### [RAW DATA]
|---|

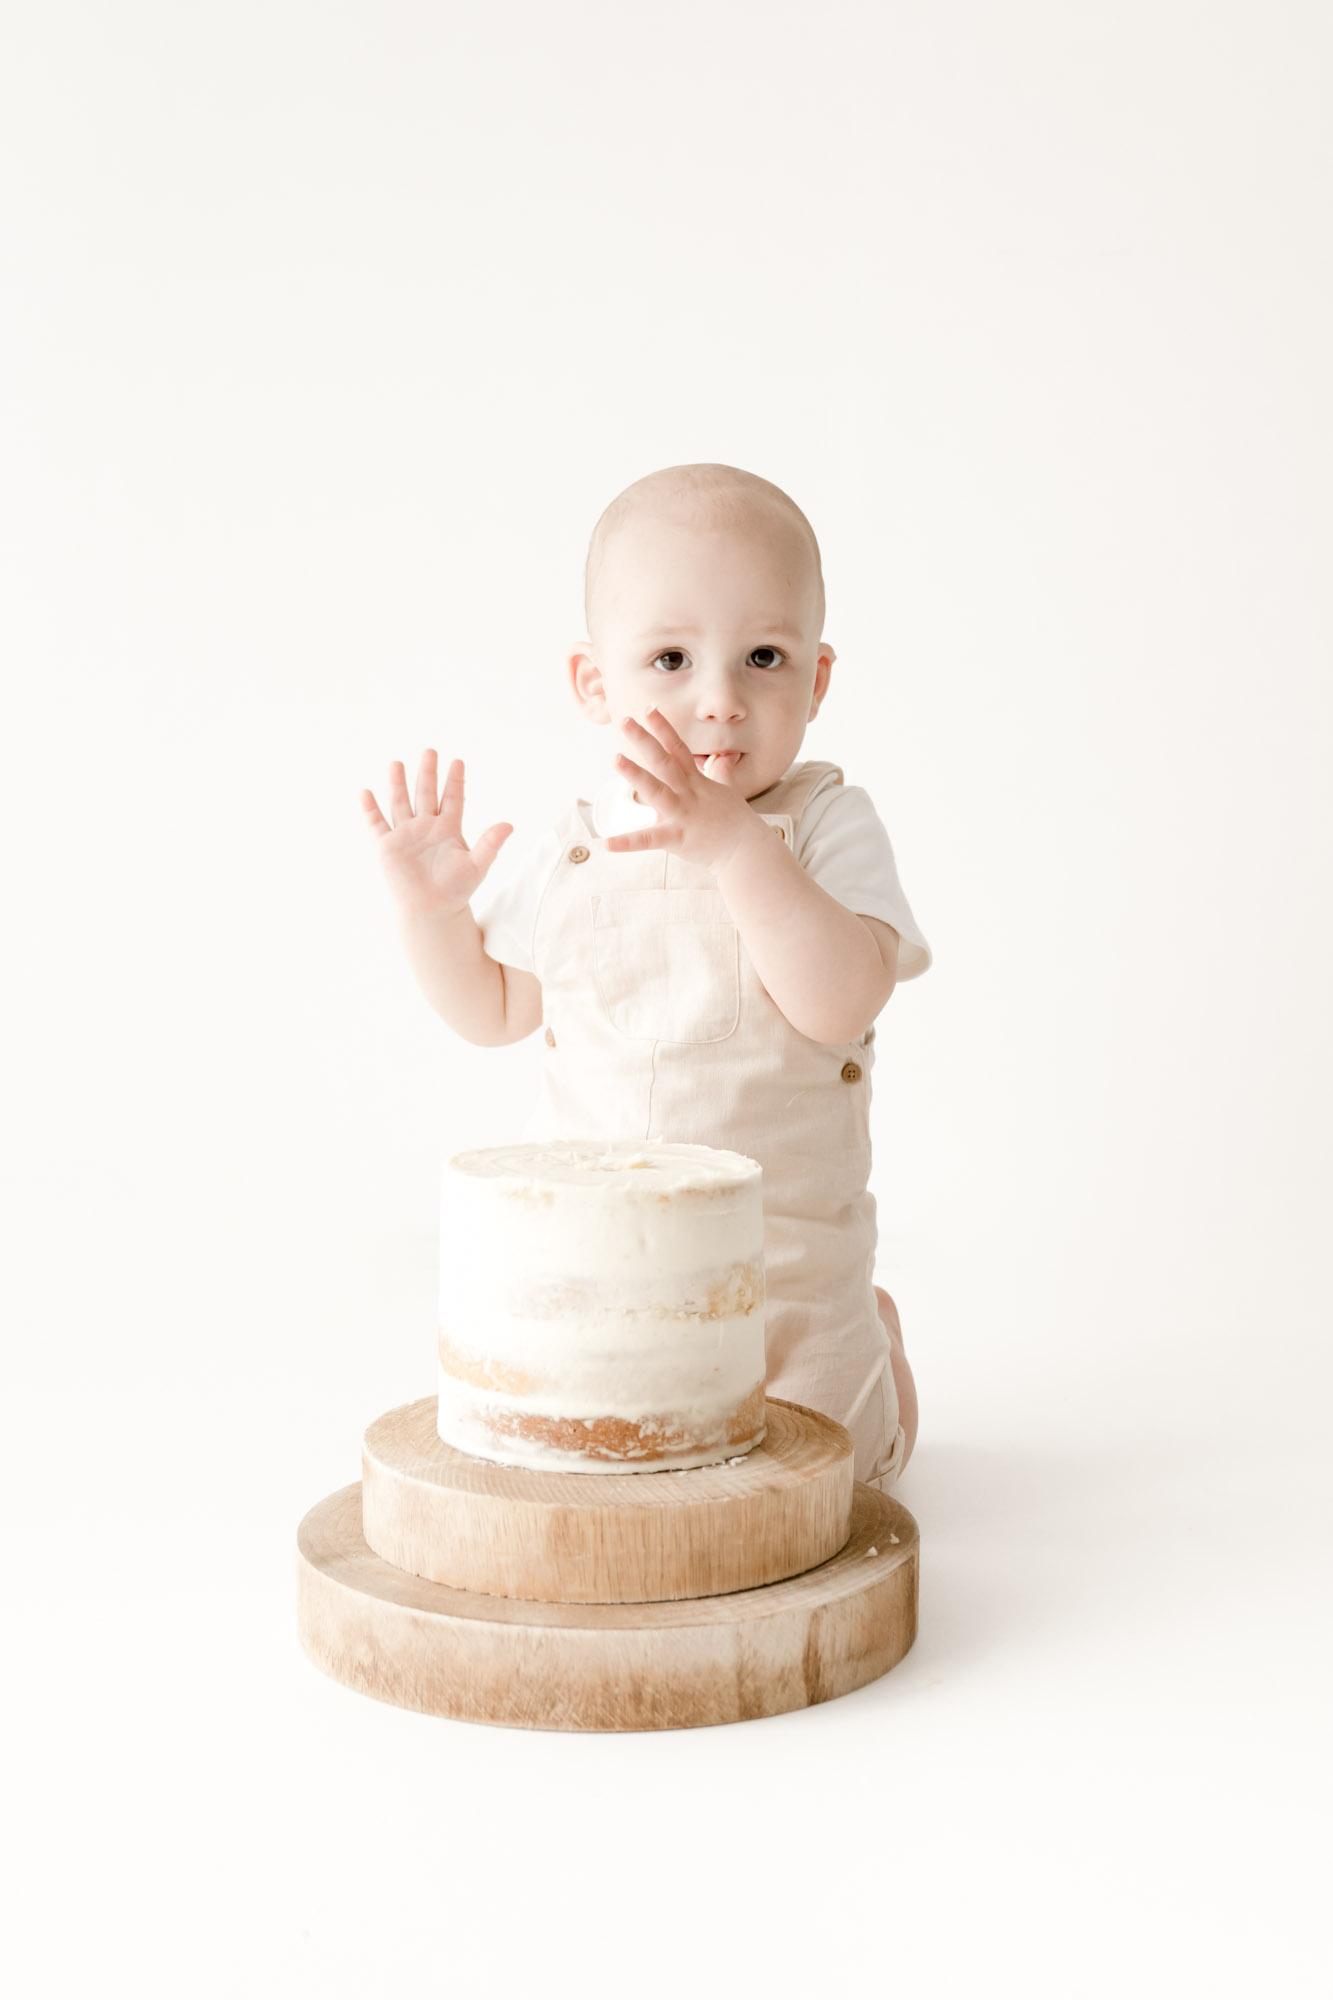 Baby boy cake smash photography in Colchester
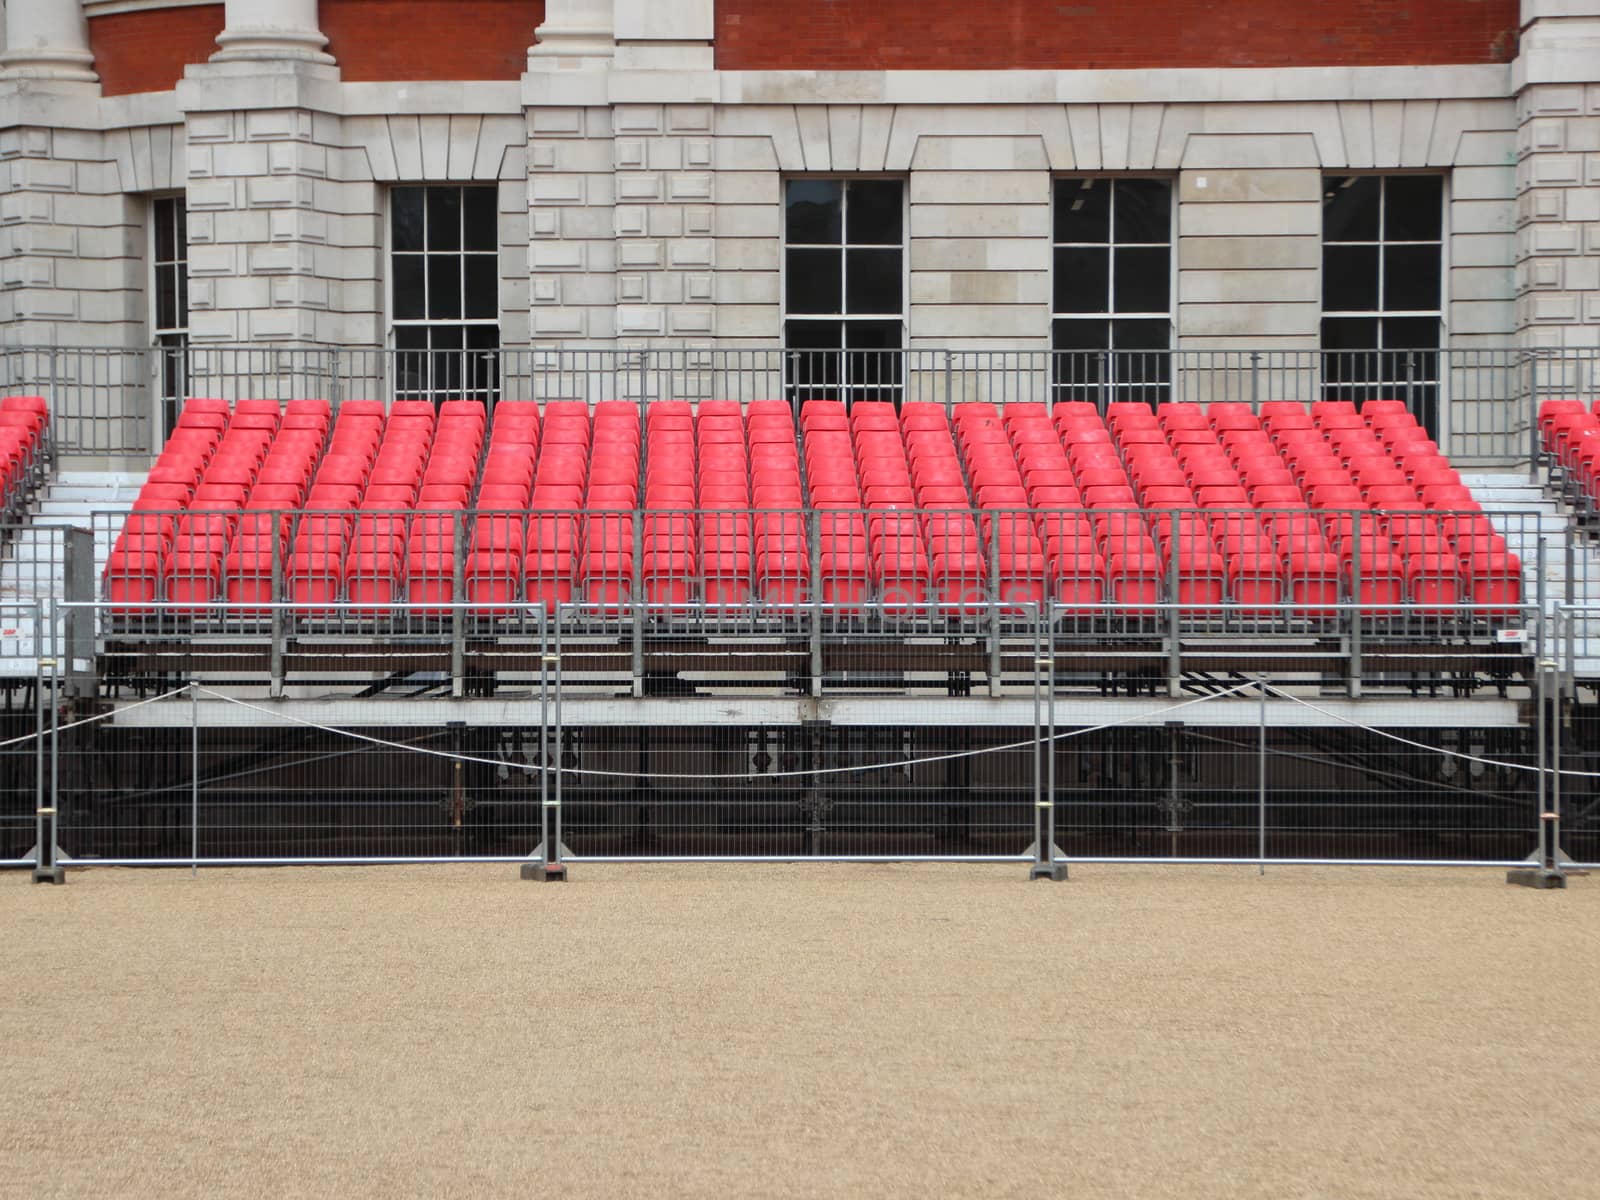 Stand Platform with Rows of Red Plastic Seats by HoleInTheBox
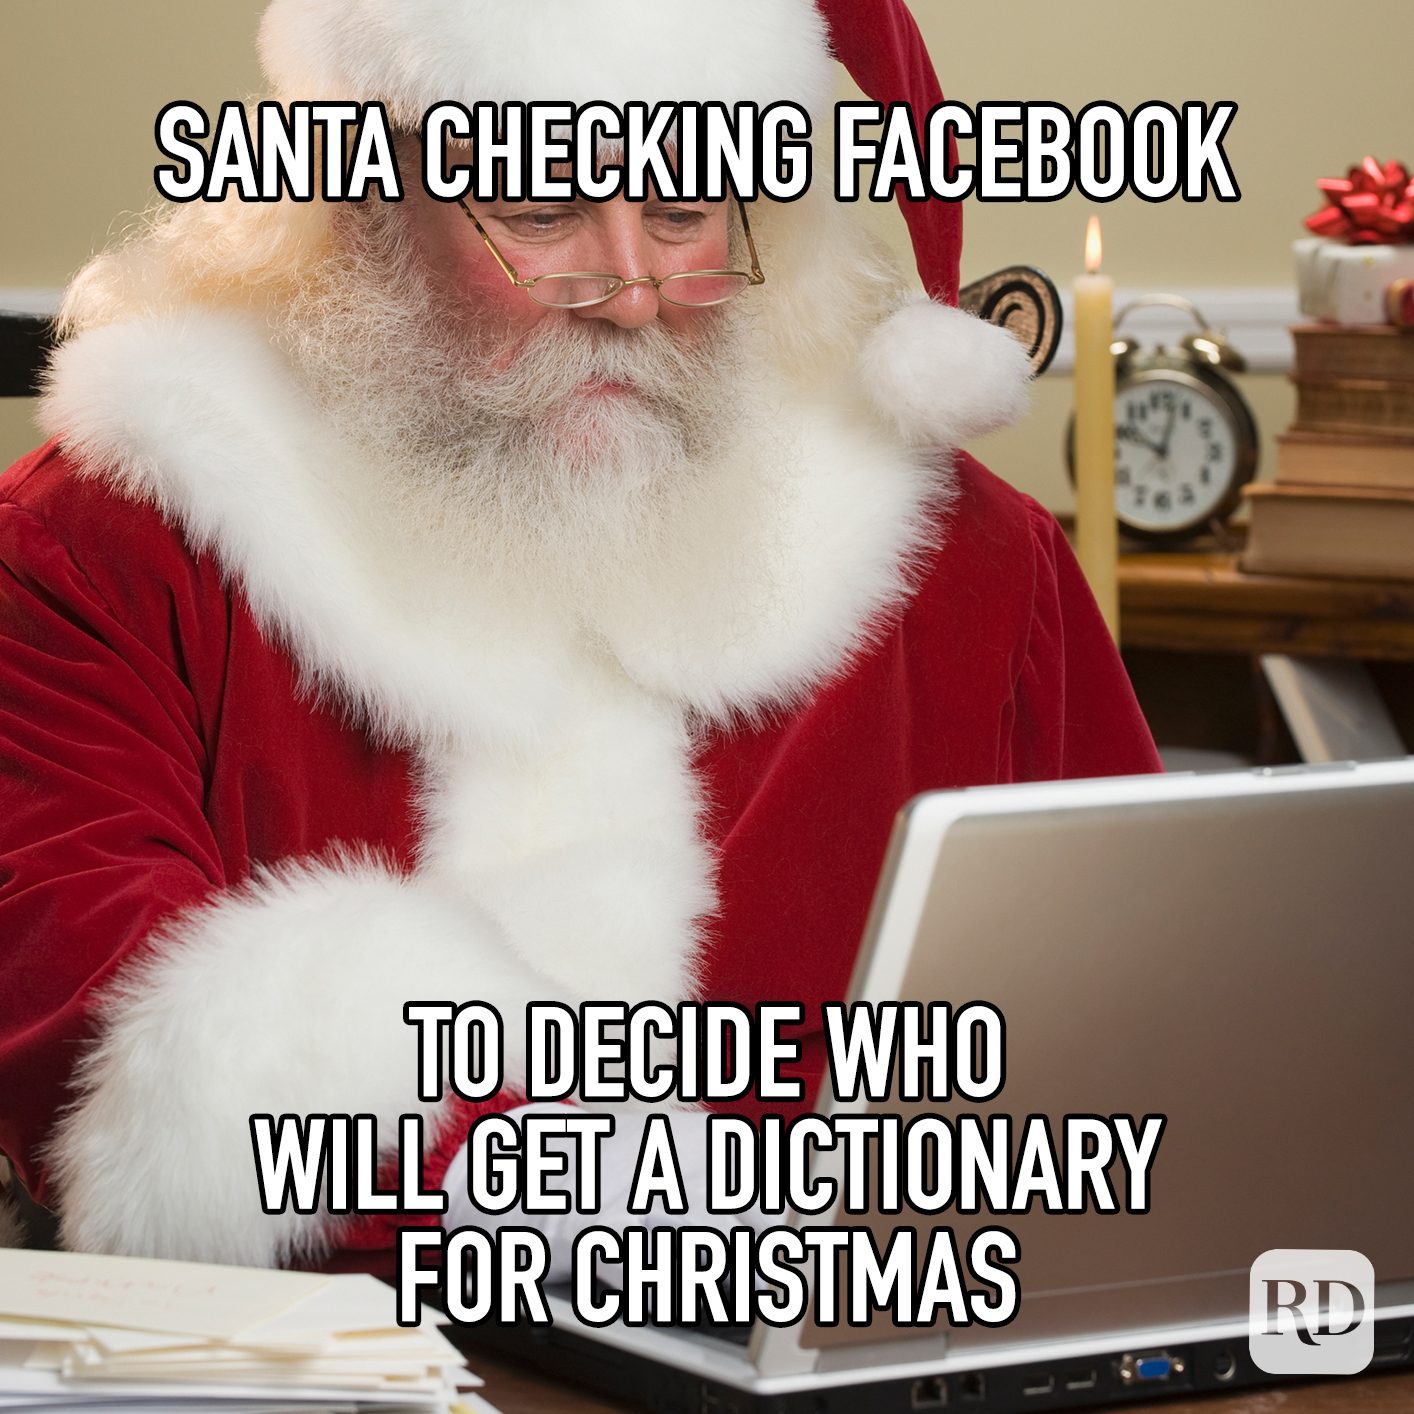 santa-checking-facebook-to-decide-who-will-get-a-dictionary-for-christmas.jpg

|---|

### [WORK TO BE COMPLETED]
Make an exact copy of the lines from the one holding "Stand Platform with" through the end of the material, both ends included, and keep the pictures out of it.

### [SOLUTION TO THIS PROBLEM]
 Stand Platform with Rows of Red Plastic Seats by HoleInTheBox
 santa-checking-facebook-to-decide-who-will-get-a-dictionary-for-christmas.jpg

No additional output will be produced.